A specific type for tokens.

<SyntaxTitle syntax="pascaligo">
type timestamp
</SyntaxTitle>
<SyntaxTitle syntax="cameligo">
type timestamp
</SyntaxTitle>
<SyntaxTitle syntax="reasonligo">
type timestamp
</SyntaxTitle>

A date in the real world.

<SyntaxTitle syntax="pascaligo">
type unit
</SyntaxTitle>
<SyntaxTitle syntax="cameligo">
type unit
</SyntaxTitle>
<SyntaxTitle syntax="reasonligo">
type unit
</SyntaxTitle>


<SyntaxTitle syntax="pascaligo">
function is_nat: int -> option(nat)
</SyntaxTitle>
<SyntaxTitle syntax="cameligo">
val is_nat: int -> nat option
</SyntaxTitle>
<SyntaxTitle syntax="reasonligo">
let is_nat: int => option(nat)
</SyntaxTitle>

Convert an `int` to a `nat` if possible.

Note that `Michelson.is_nat` is deprecated. Please use `is_nat` instead.

<SyntaxTitle syntax="pascaligo">
function abs: int -> nat
</SyntaxTitle>
<SyntaxTitle syntax="cameligo">
val abs: int -> nat
</SyntaxTitle>
<SyntaxTitle syntax="reasonligo">
let abs: int => nat
</SyntaxTitle>

Cast an `int` to `nat`.

<SyntaxTitle syntax="pascaligo">
function int: nat -> int
</SyntaxTitle>
<SyntaxTitle syntax="cameligo">
val int: nat -> int
</SyntaxTitle>
<SyntaxTitle syntax="reasonligo">
let int: nat => int
</SyntaxTitle>

Cast an `nat` to `int`.

<SyntaxTitle syntax="pascaligo">
const unit: unit
</SyntaxTitle>
<SyntaxTitle syntax="cameligo">
val unit: unit
</SyntaxTitle>
<SyntaxTitle syntax="reasonligo">
let (): unit
</SyntaxTitle>

A helper to create a unit.

<a name="failwith"></a>
<SyntaxTitle syntax="pascaligo">
function failwith : 'a -> unit
</SyntaxTitle>
<SyntaxTitle syntax="cameligo">
val failwith : 'a -> unit
</SyntaxTitle>
<SyntaxTitle syntax="reasonligo">
let failwith: 'a => unit
</SyntaxTitle>

Cause the contract to fail with an error message or integer.

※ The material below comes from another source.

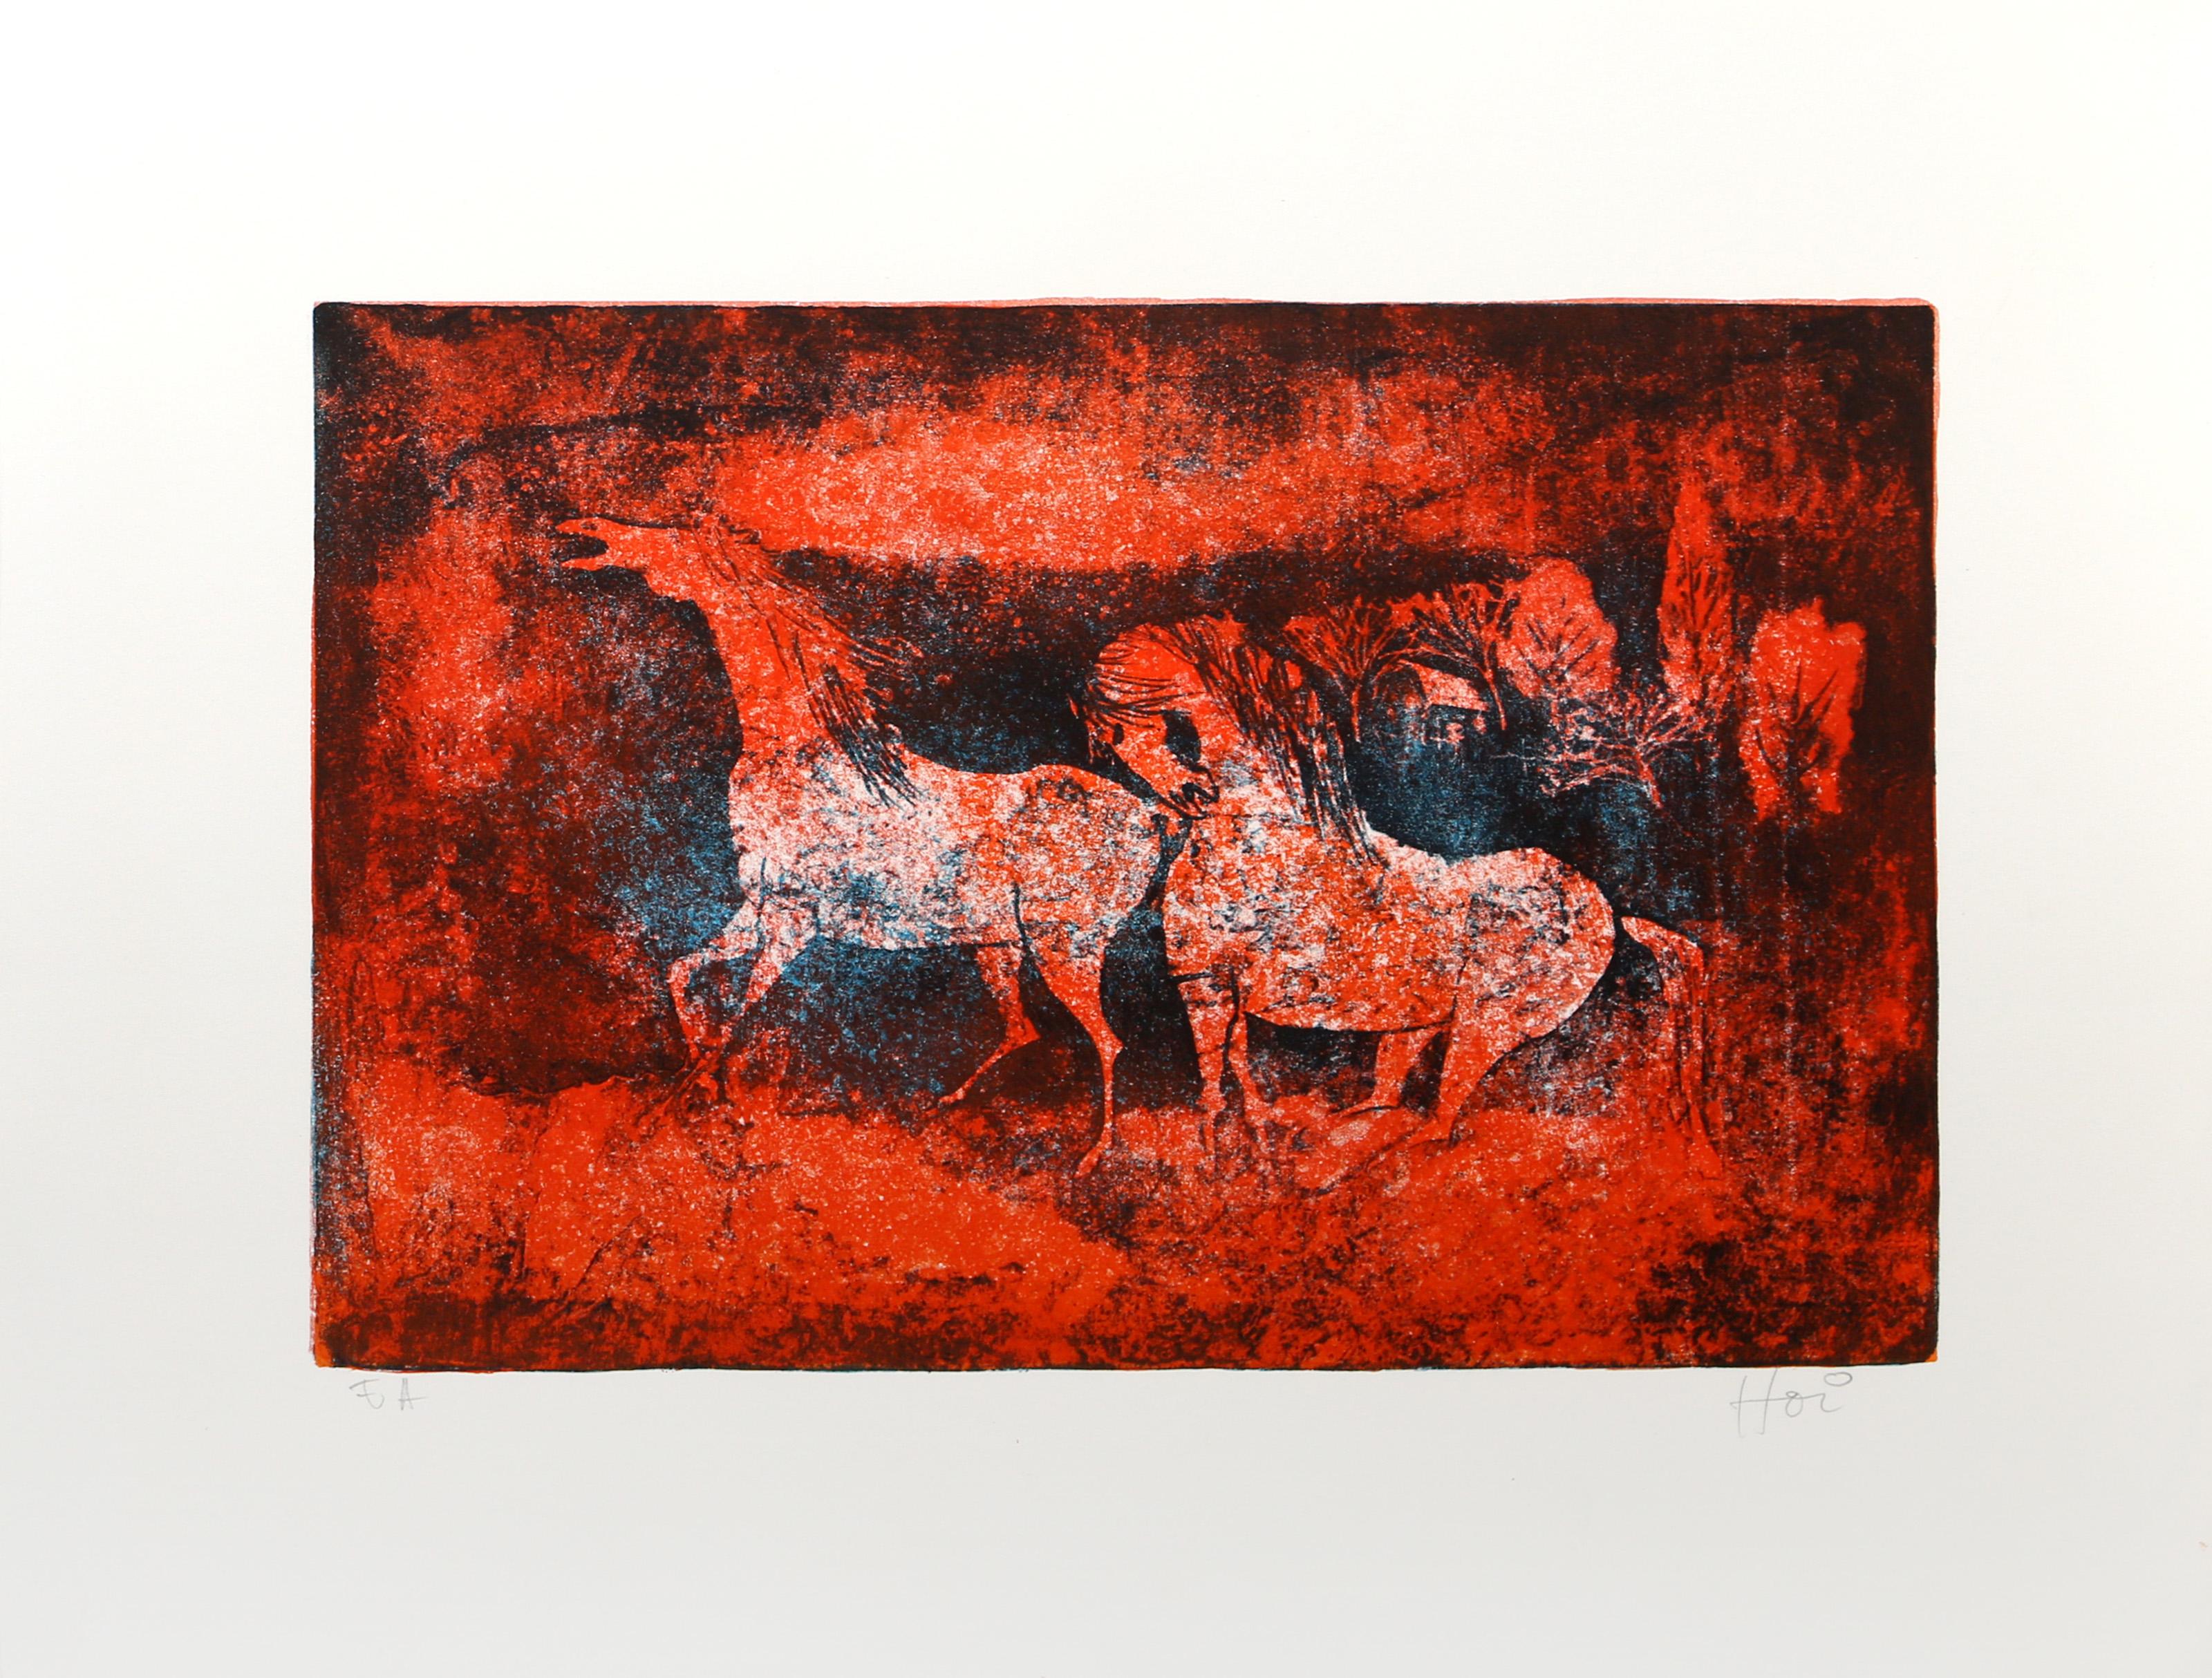 Lebadang (aka Hoi), Vietnamese (1922 - 2015) -  Horses in Red and Blue. Medium: Lithograph on Rives BFK, signed "Hoi" and numbered in pencil, Edition: E.A., Image Size: 12.5 x 18 inches, Size: 19.5 x 25.5 in. (49.53 x 64.77 cm), Description:

Other types are 
not supported at the moment.

Using this currently requires in general a type annotation on the
`failwith` call.

<Syntax syntax="pascaligo">

```pascaligo
function main (const p : int; const s : unit) : list (operation) * unit is
  block {
    if p > 10 then failwith ("Failure.") else skip
  }
  with ((nil : list (operation)), s)
```

</Syntax>
<Syntax syntax="cameligo">

```cameligo
let main (p,s : int * unit) = if p > 10 then failwith "Failure."
```

</Syntax>
<Syntax syntax="reasonligo">

```reasonligo
let main = ((p,s) : (int, unit)) =>
  if (p > 10) { failwith ("Failure."); };
```

</Syntax>
<Syntax syntax="cameligo">
`Current.failwith` is deprecated. Use `Tezos.failwith` or `failwith` instead.
</Syntax>
<Syntax syntax="reasonligo">
`Current.failwith` is deprecated. Use `Tezos.failwith` or `failwith` instead.
</Syntax>


<SyntaxTitle syntax="pascaligo">
function assert : bool -> unit
</SyntaxTitle>
<SyntaxTitle syntax="cameligo">
val assert : bool -> unit
</SyntaxTitle>
<SyntaxTitle syntax="reasonligo">
let assert: bool => unit
</SyntaxTitle>

Check if a certain condition has been met. If not the contract will fail.

<SyntaxTitle syntax="pascaligo">
function ediv : int -> int -> option (int * nat)
</SyntaxTitle>
<SyntaxTitle syntax="pascaligo">
function ediv : mutez -> nat -> option (mutez * mutez)
</SyntaxTitle>
<SyntaxTitle syntax="pascaligo">
function ediv : mutez -> mutez -> option (nat * mutez)
</SyntaxTitle>
<SyntaxTitle syntax="pascaligo">
function ediv : nat -> nat -> option (nat * nat)
</SyntaxTitle>

<SyntaxTitle syntax="cameligo">
val ediv : int -> int -> (int * nat) option
</SyntaxTitle>
<SyntaxTitle syntax="cameligo">
val ediv : mutez -> nat -> (mutez * mutez) option 
</SyntaxTitle>
<SyntaxTitle syntax="cameligo">
val ediv : mutez -> mutez -> (nat * mutez) option
</SyntaxTitle>
<SyntaxTitle syntax="cameligo">
val ediv : nat -> nat -> (nat * nat) option
</SyntaxTitle>

<SyntaxTitle syntax="reasonligo">
let ediv: (int, int) => option((int, nat))
</SyntaxTitle>
<SyntaxTitle syntax="reasonligo">
let ediv: (mutez, nat) => option((mutez, mutez))
</SyntaxTitle>
<SyntaxTitle syntax="reasonligo">
let ediv: (mutez, mutez) => option((nat, mutez))
</SyntaxTitle>
<SyntaxTitle syntax="reasonligo">
let ediv: (nat, nat) => option((nat, nat))
</SyntaxTitle>

Compiles to Michelson `EDIV`, one operation to get both the quotient and remainder of a division. `ediv x y` returns None if `y` is zero, otherwise returns `Some (quotient, remainder)` such that `x = (quotient * y) + remainder` and `0 <= remainder < abs(y)`.